WEXP
- Westport, New York; United States;
- Broadcast area: Burlington–Plattsburgh; Champlain Valley;
- Frequency: 102.9 MHz
- Branding: Experimental Radio

Programming
- Format: Block programming

Ownership
- Owner: Sun Signals LLC

History
- First air date: January 1995
- Former call signs: WVZP (1992); WADQ (1992–1996); WMEX (1996–1998); WCLX (1998–2024);

Technical information
- Licensing authority: FCC
- Facility ID: 72034
- Class: A
- ERP: 6,000 watts
- HAAT: 92 meters (302 ft)
- Transmitter coordinates: 44°13′14.1″N 73°24′33.4″W﻿ / ﻿44.220583°N 73.409278°W

Links
- Public license information: Public file; LMS;

= WEXP (FM) =

WEXP (102.9 MHz) is a commercial FM radio station licensed to Westport, New York, and serving the Burlington-Plattsburgh radio market in the Champlain Valley. WEXP programs a block programming format and is owned by Sun Signals LLC. It calls itself "Experimental Radio". The studios are in Bridport, Vermont.

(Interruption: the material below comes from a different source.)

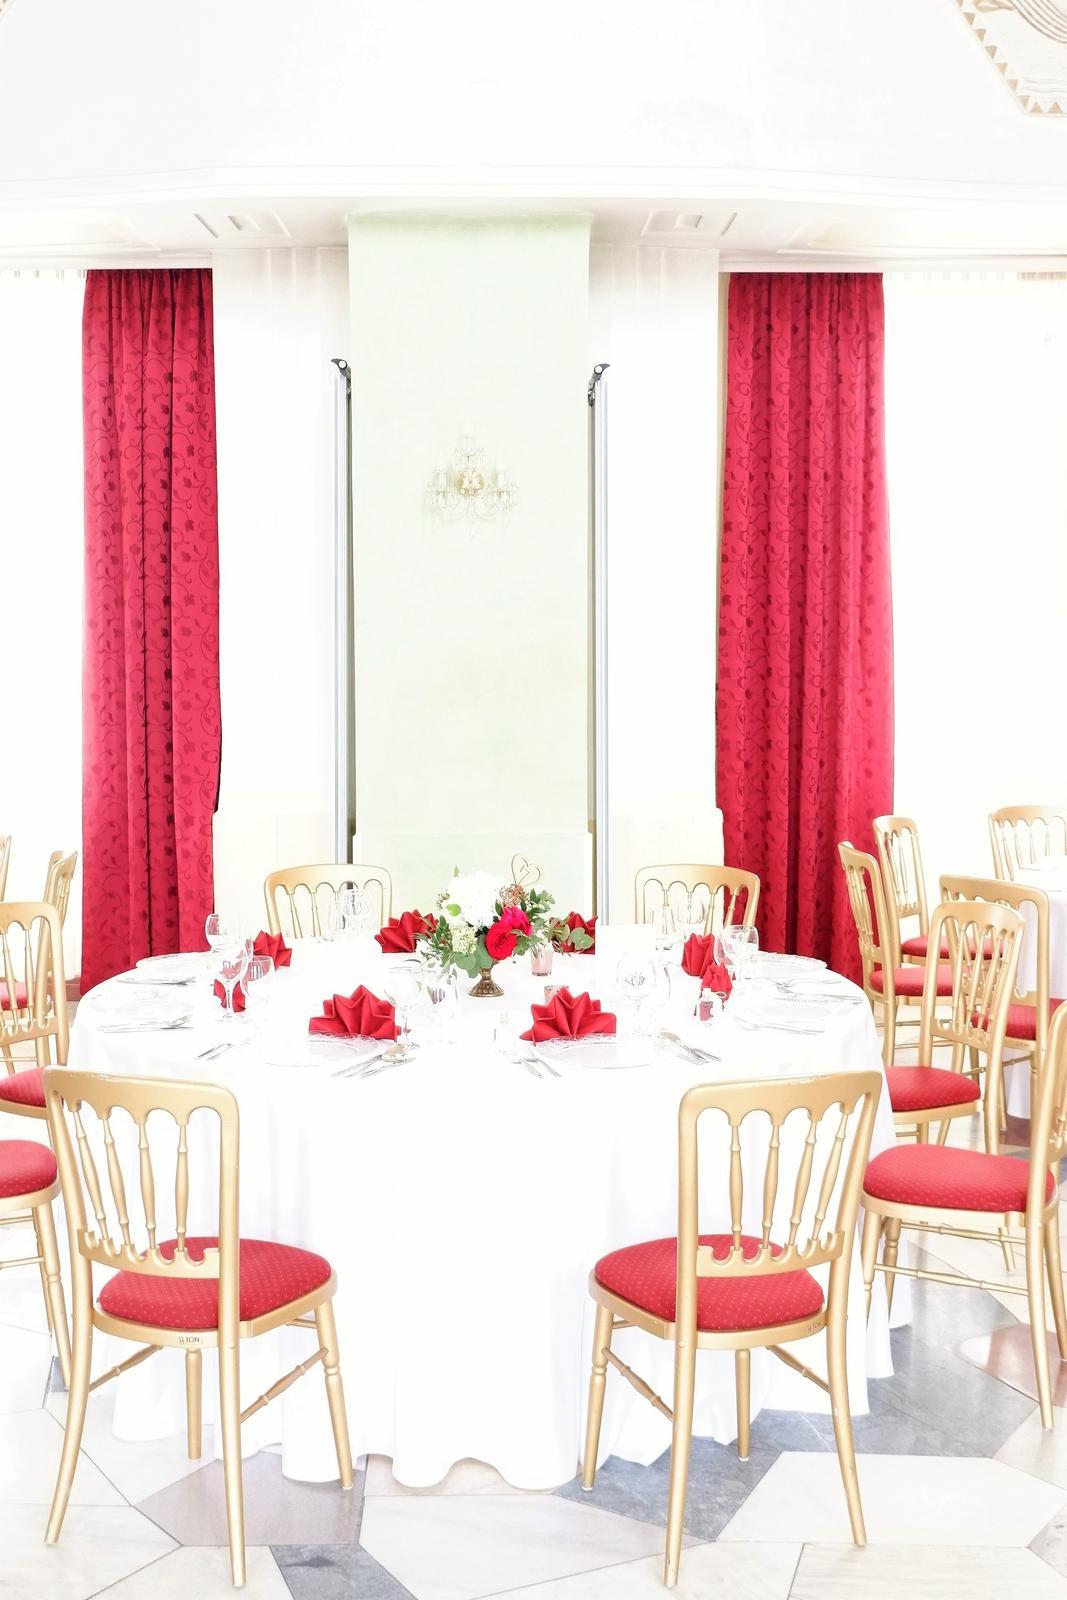 obrus na okrúhly stôl 320 cm alebo 300 cm - Obrázok č. 3

WEXP is a Class A FM station with an effective radiated power (ERP) of 6,000 watts. The transmitter is on Lake Shore Road, near Lake Champlain in Westport.

==History==
While it was still a construction permit, and before it was built, the station was granted the call sign WVZP on September 2, 1992. On October 1, the call letters were changed to WADQ (for "Adirondack").

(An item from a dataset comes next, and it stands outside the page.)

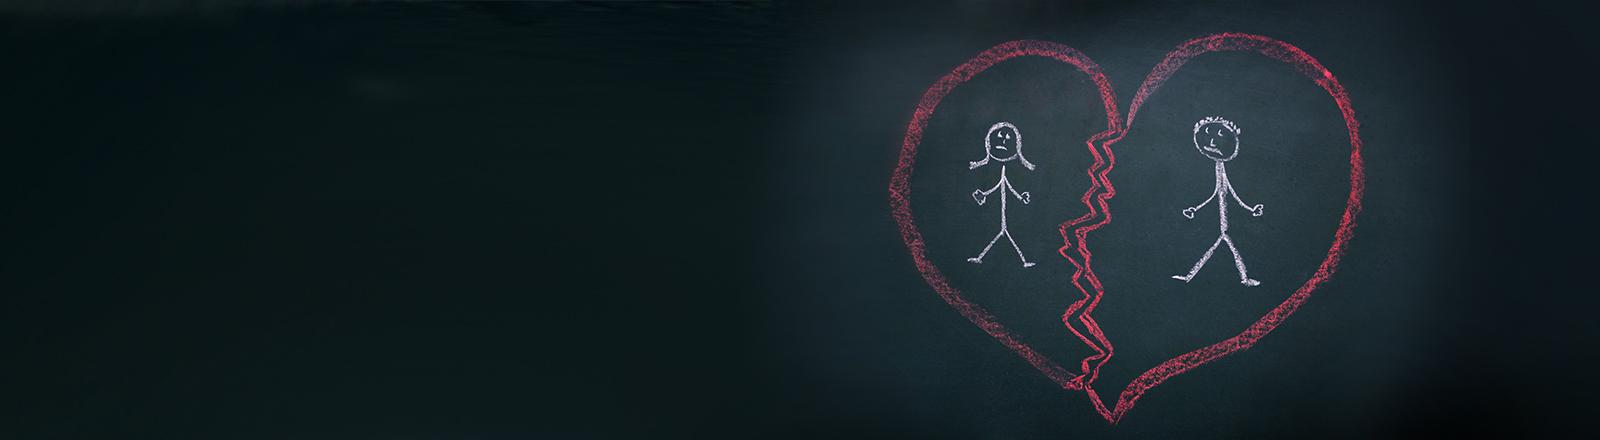 Ein zerbrochenes Herz mit zwei Strichmännchen darin ist mit Kreide auf eine schwarze Tafel gemalt.

The station signed on the air in January 1995. On September 16, 1996, the station took on the call sign WMEX. During this time, the station had a classical music format, with the slogan, "Where classic call letters mean great Classical Music."

In the late 1990s, WMEX gradually morphed into "Burlington's Album Station", adopting WCLX call sign on February 10, 1999, when owner Dennis Jackson relinquished the historic "WMEX" call letters to Boston's 1060 AM. The WMEX calls subsequently moved to New Hampshire and then to Martha's Vineyard; as of April 2017, the call letters are used by WMEX in Boston and WMEX-LP in Rochester, New Hampshire.

WCLX changed its call sign to WEXP on August 1, 2024, in a partial call swap with WEXP-LP in Moriah, New York.

On December 19, 2024, WEXP switched to a pop-up block programming format, branded as "Experimental Radio".